A new lawsuit has been filed alleging that the number of streams Drake has on Spotify has been artificially inflated.
The class action lawsuit against Spotify was filed over the weekend (Sunday November 2) at California’s District Court. In it, the streaming giant is accused of having “mass-scale fraudulent streaming” that it “turned a blind eye” to.
Details about the case were shared by Rolling Stone, and it is widely reported that the lawsuit was Snoop Dogg’s cousin RBX as the lead plaintiff.
In the filing, it is alleged that of Drake’s 37 billion streams, “a substantial, non-trivial percentage [are] inauthentic and appear to be the work of a sprawling network of Bot Accounts.”
“Every month, under Spotify’s watchful eye, billions of fraudulent streams are generated from fake, illegitimate, and/or illegal methods. [This is fraud that] causes massive financial harm to legitimate artists, songwriters, producers, and other rights holders.”
“For Spotify, more users and music streams means more advertising dollars, so long as the true origin of the streams remains hidden…” it adds, although it is worth highlighting that more streams would also mean more payouts required from the streaming platform.
It is worth noting that while Drake is the only artist named in regard to the alleged fake streams, he is not being sued.
Rather, the only defendant in the case is Spotify, and if the company were actively counting streams it knows to be fake, would be issuing larger payouts to some artists at the expense of others (as per Stereogum).
The class action suit is based on an examination of Drake’s streams between January 2022 and September 2025. The case alleges that the findings showed “abnormal VPN usage” – including 250,000 streams of Drake’s ‘No Face’ in 2024 that originated in Turkey but “were falsely geomapped through the coordinated use of VPNs to the United Kingdom in attempt to obscure their origins.”
Speaking out in response to the lawsuit, a spokesperson for Spotify pointed out the company’s information page and it’s comments about artificial streaming.
They also told Rolling Stone: “We cannot comment on pending litigation. However, Spotify in no way benefits from the industry-wide challenge of artificial streaming.”
“We heavily invest in always-improving, best-in-class systems to combat it and safeguard artist payouts with strong protections like removing fake streams, withholding royalties, and charging penalties,” the spokesperson added. “Our systems are working: In a case from last year, one bad actor was indicted for stealing $10million from streaming services, only $60,000 of which came from Spotify, proving how effective we are at limiting the impact of artificial streaming on our platform.”
The Los Angeles Times reports that a representative for Drake did not immediately return a request for comment, and the Canadian rapper has still not spoken out publicly about the lawsuit against Spotify nor the claims about his streams.

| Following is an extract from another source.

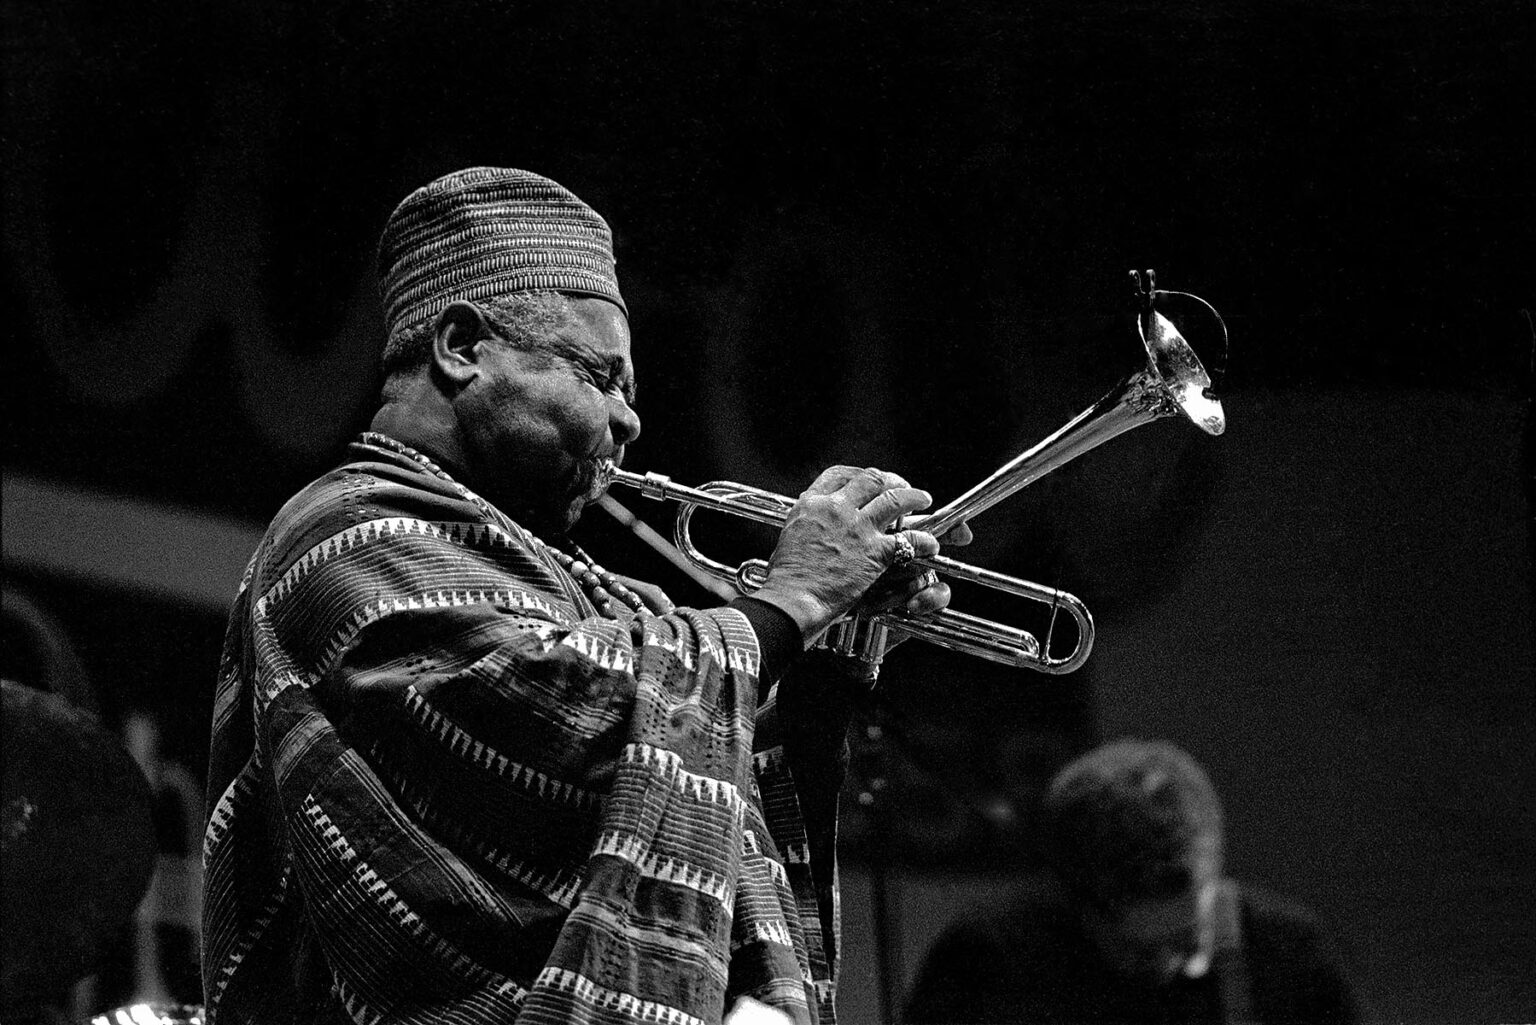 DIZZY GELESPIE plays his trumpet at the MONTEREY JAZZ FESTIVAL in 1984 - MONTEREY, CALIFORNIA
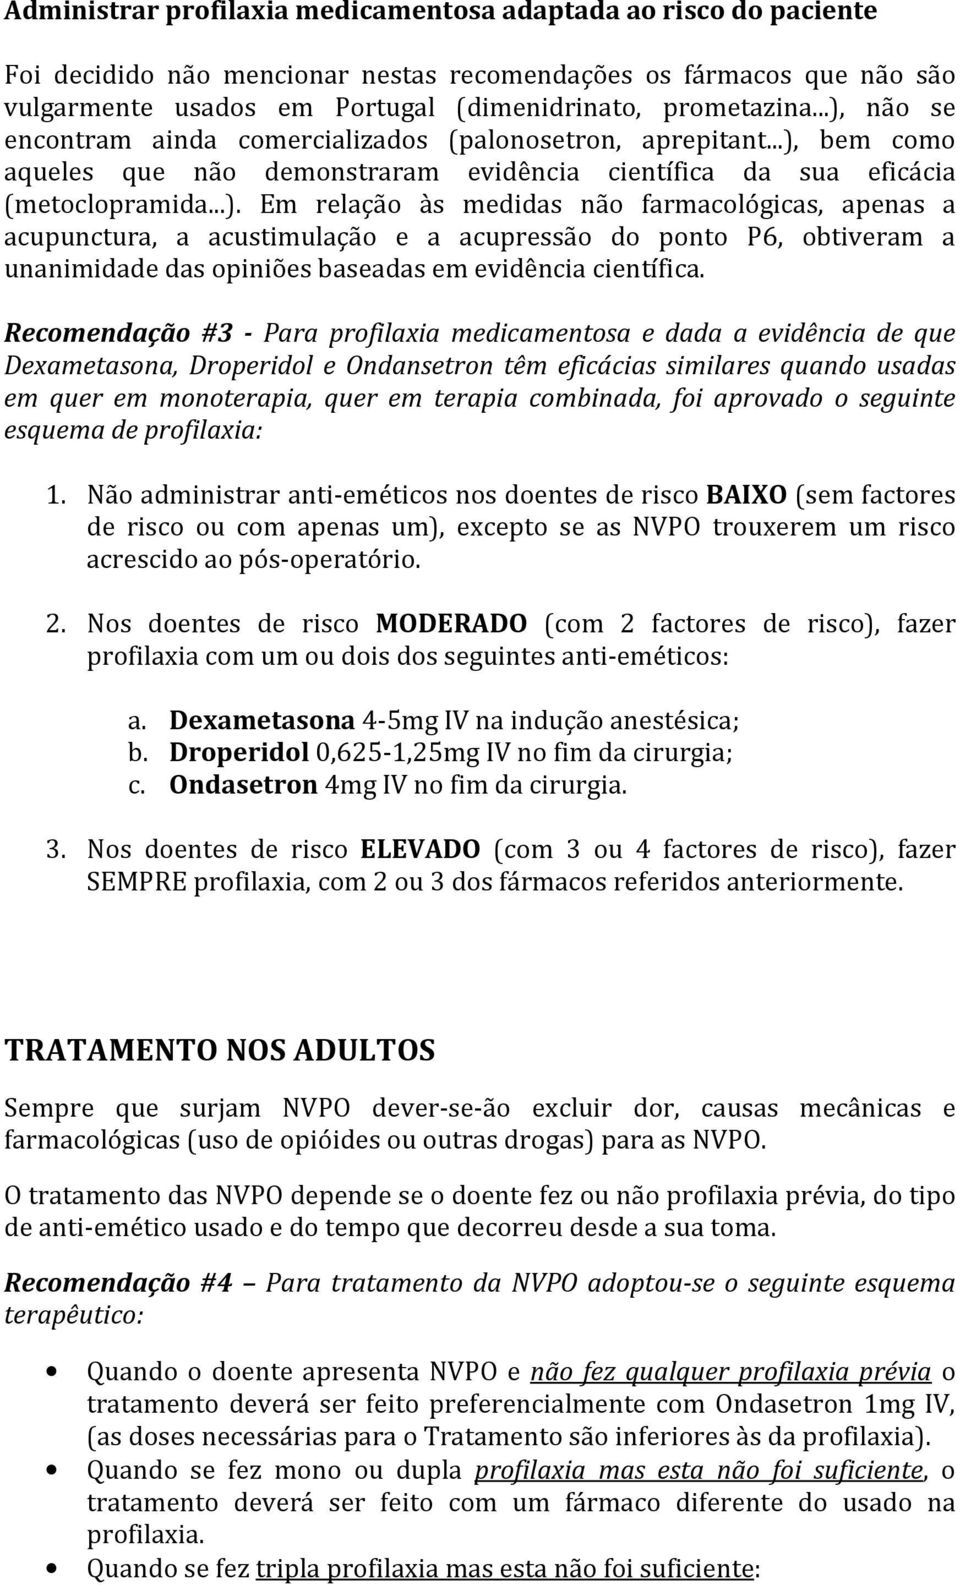 Recomendação #3 - Para profilaxia medicamentosa e dada a evidência de que Dexametasona, Droperidol e Ondansetron têm eficácias similares quando usadas em quer em monoterapia, quer em terapia

In other Drake news, the rapper made history this summer by headlining all three nights of this year’s Wireless Festival in London, playing different sets each night. NME’s Kyann-Sian Williams gave the series of shows a three-star review and described it as “expertly curated, but [lacking] conviction”.
“For all the scale and all the stats – most Billboard Number Ones, most streamed rapper ever, the fastest-selling Wireless edition in history – this should’ve been Drake’s victory lap, reminding us why he earned all his success,” the review read. “Instead, it feels like a man floating above his own myth, still chasing the love he’s already received. The Boy became a man, sure – but Drake’s record-breaking Wireless residency feels like he’s yet to grow up.”